Back to all posts
AIMarch 17, 202611 min read

Local LLM Benchmarks on RTX PRO 6000 Blackwell (2026): 8 Models, Real Numbers

Prompt processing, token generation, and long-context benchmarks for 8 open-weight models on an NVIDIA RTX PRO 6000 Blackwell (96 GB VRAM), measured with llama-bench at context depths up to 65K tokens.

benchmarksllmlocal-airtx-pro-6000homelabllama.cppggufqwenllamamistral

Local LLM Benchmarks on RTX PRO 6000

96 GB of VRAM. 8 models. 4 context depths. Here are the numbers — with the flags, the reps, and the surprises.

Multiple context lengths, flash attention on, 3 reps per measurement, full methodology. Numbers are for a single user running locally — batch size 1, no concurrency.


The Rig

GPUNVIDIA RTX PRO 6000 Blackwell Max-Q Workstation Edition
VRAM96 GB (95.6 GB / 97,247 MiB usable)
Driver580.126.09 · CUDA 13.2
CPU30-core (VM host)
RAM172 GB

Does CPU/RAM matter?

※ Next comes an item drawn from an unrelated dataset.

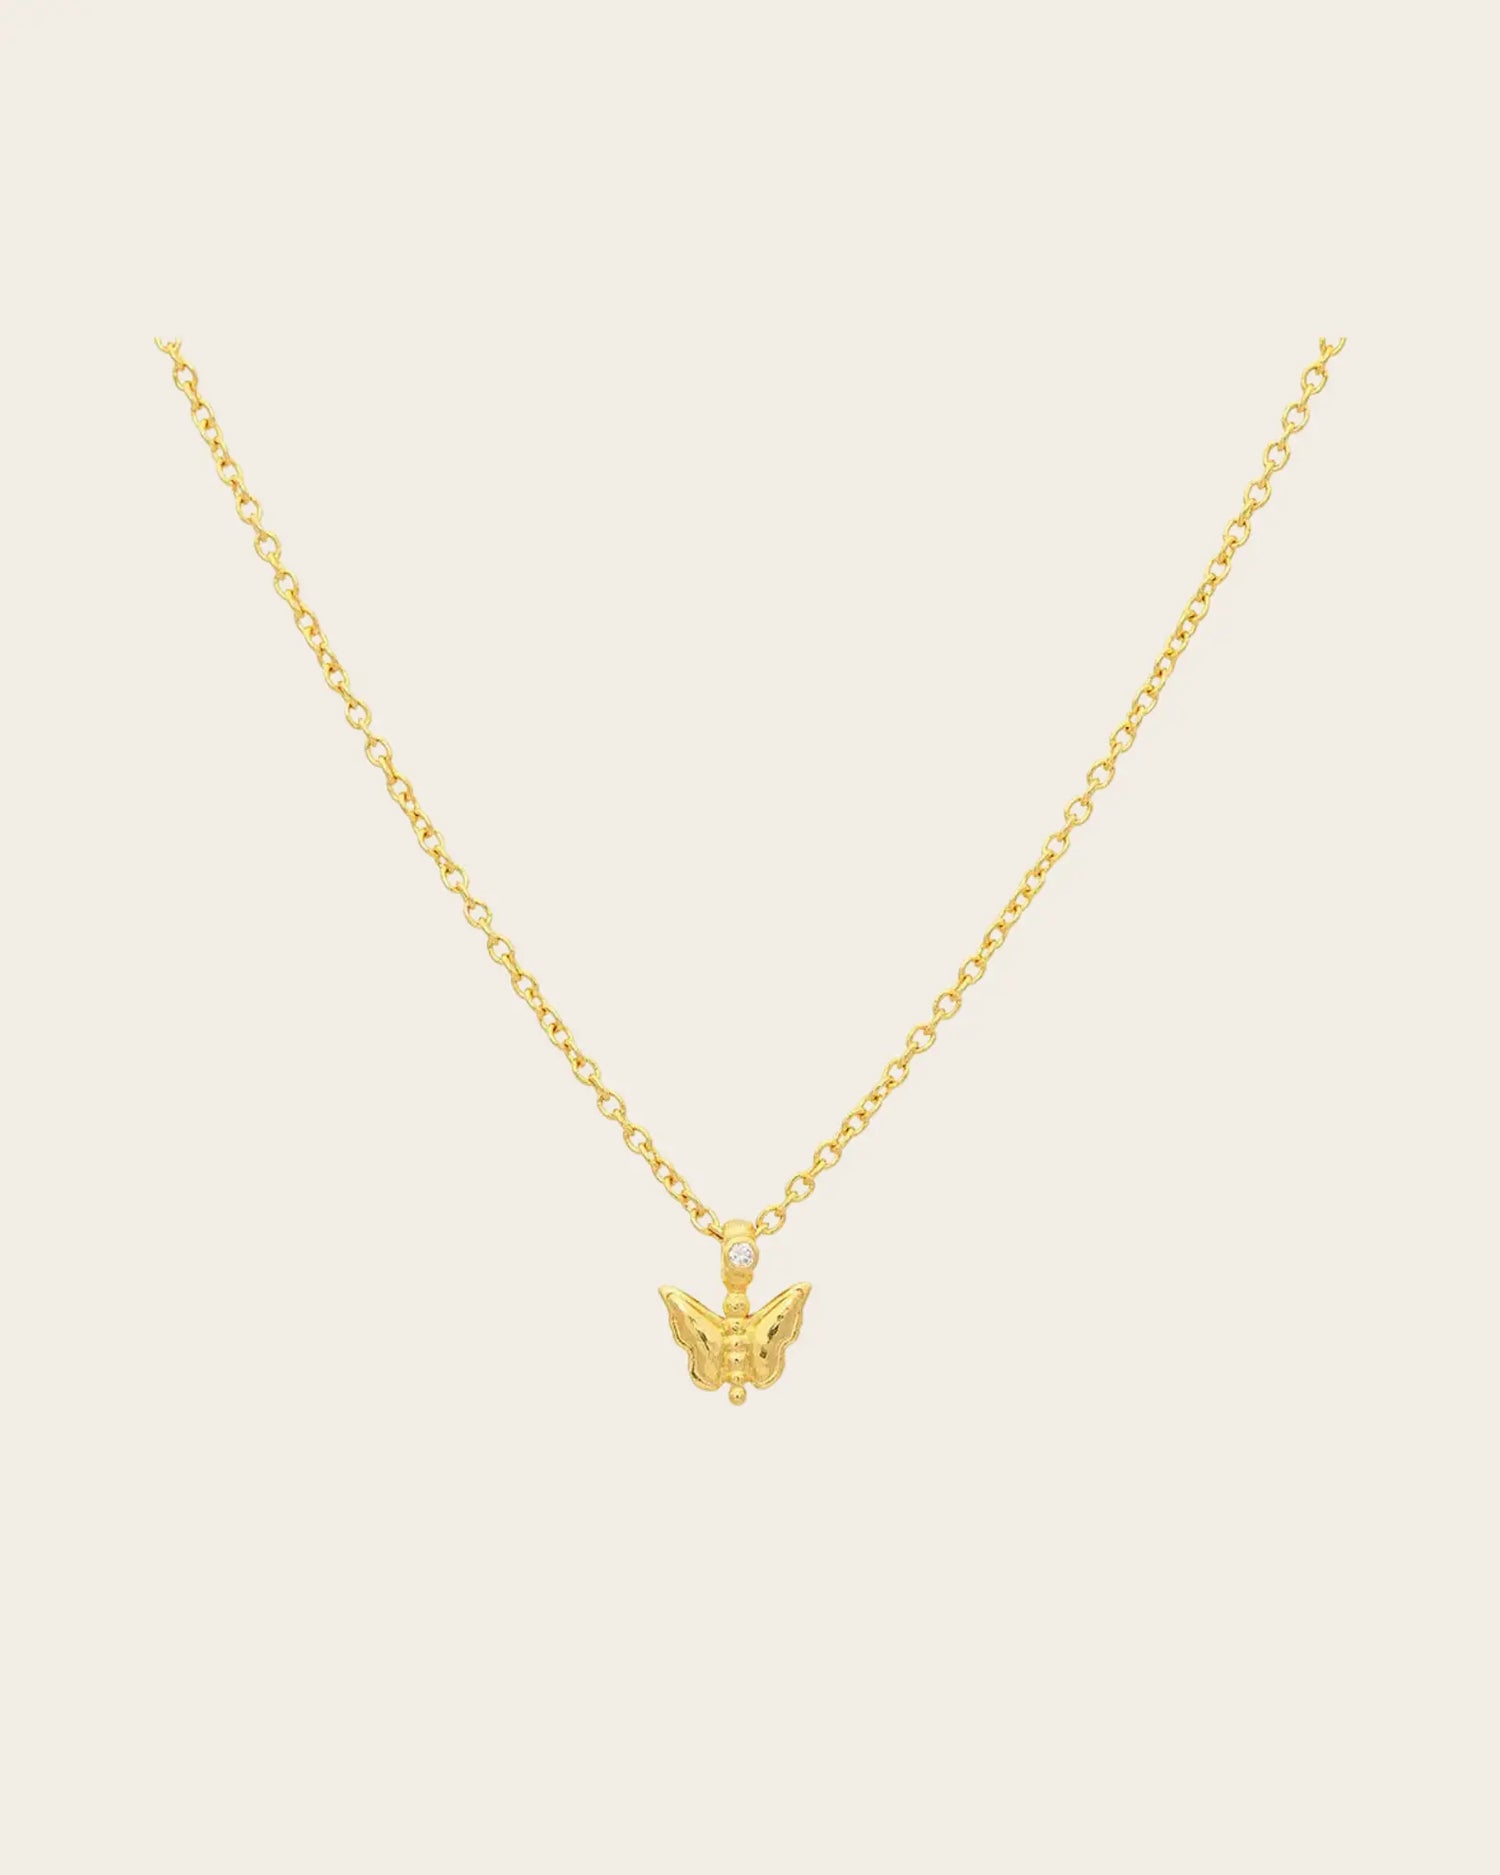 GURHAN Spell Gold Pendant Necklace, Small Butterfly, Diamond GURHAN Spell Gold Pendant Necklace, Small Butterfly, Diamond Gurhan Gurhan  Squash Blossom Vail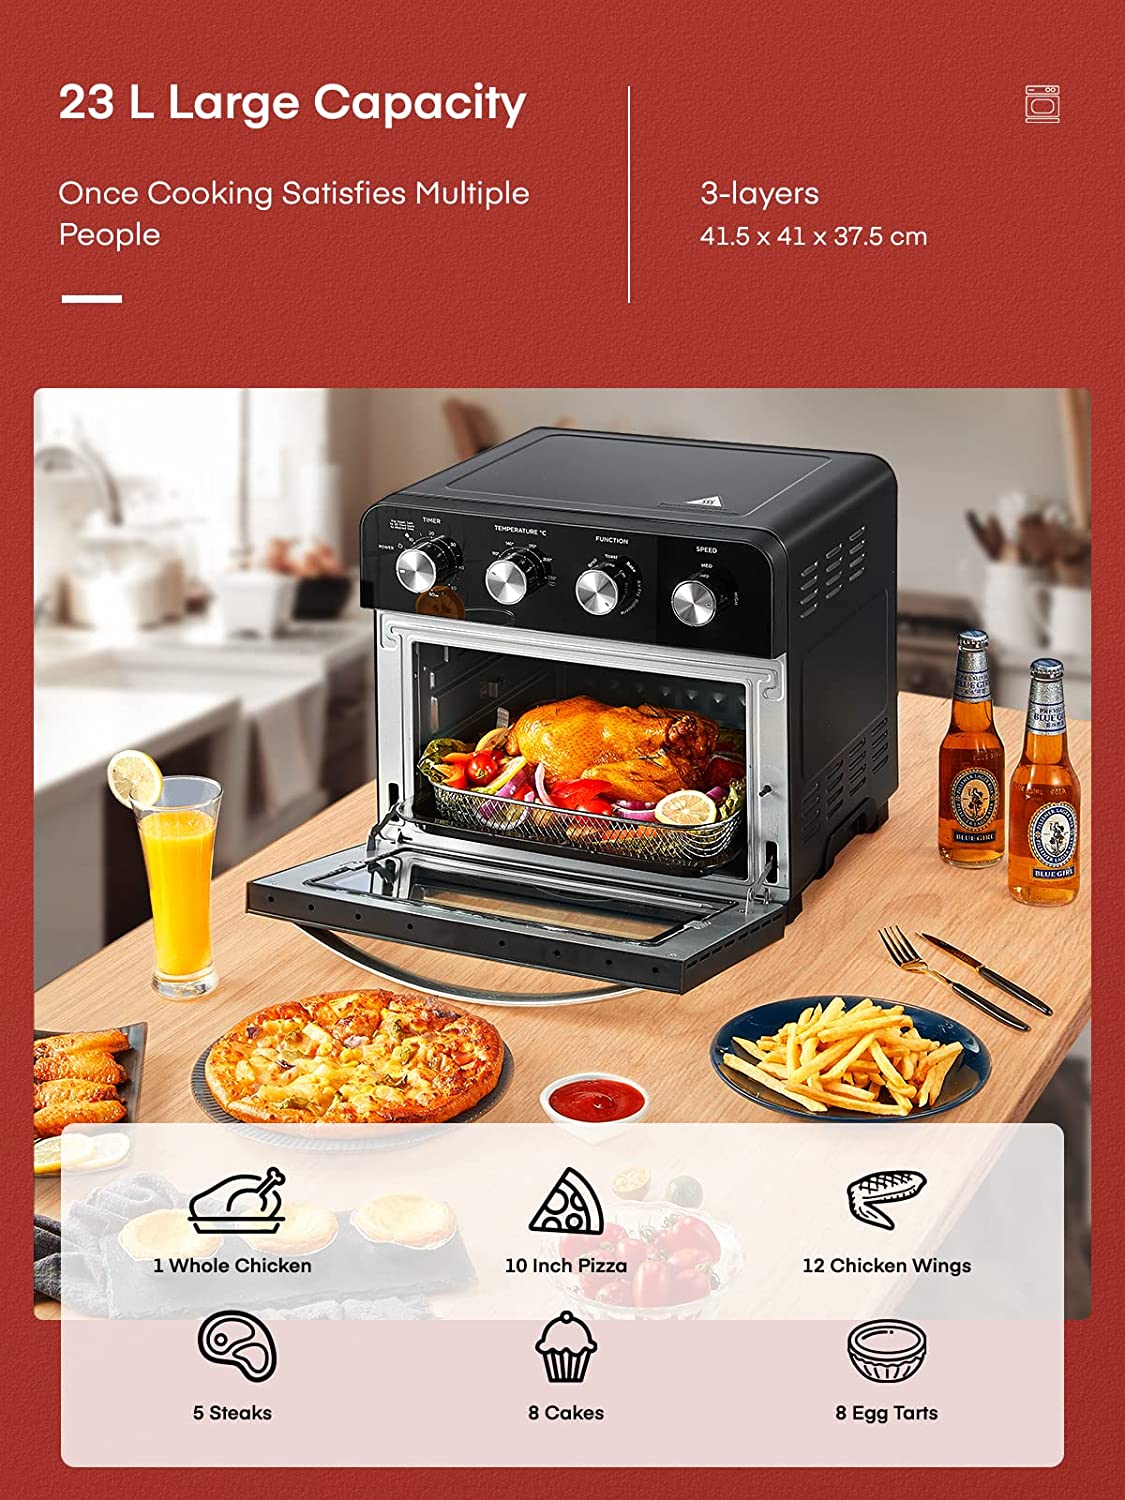 23L large capacity, FOHERE Air Fryer Oven Combo, 6 Slice 24 QT Multi-function Convection Oven, 1700W Toaster Oven for Rotisserie, Dehydrate, Air Fry, Bake & Reheat, Fry Oil-Free, Non-Stick Inner, 6 Accessories & 100 Recipes

For these tests, no. All models loaded fully into VRAM (zero CPU offloading, ngl=99). CPU only handles tokenization and the initial file load - both negligible. RAM is used while reading the GGUF from disk into VRAM; irrelevant once loaded. The bottleneck is GPU memory bandwidth.


Methodology

Tool:         llama-bench (llama.cpp d23355af / build b8352)
GPU layers:   -ngl 99       (all layers on GPU, no CPU offload)
Flash attn:   -fa 1         (enabled - improves pp speed 5–11%)
Repetitions:  -r 3          (mean ± stddev reported)
Models:       Ollama GGUF blobs, loaded directly
Batch size:   BS=1 (single user, not server throughput)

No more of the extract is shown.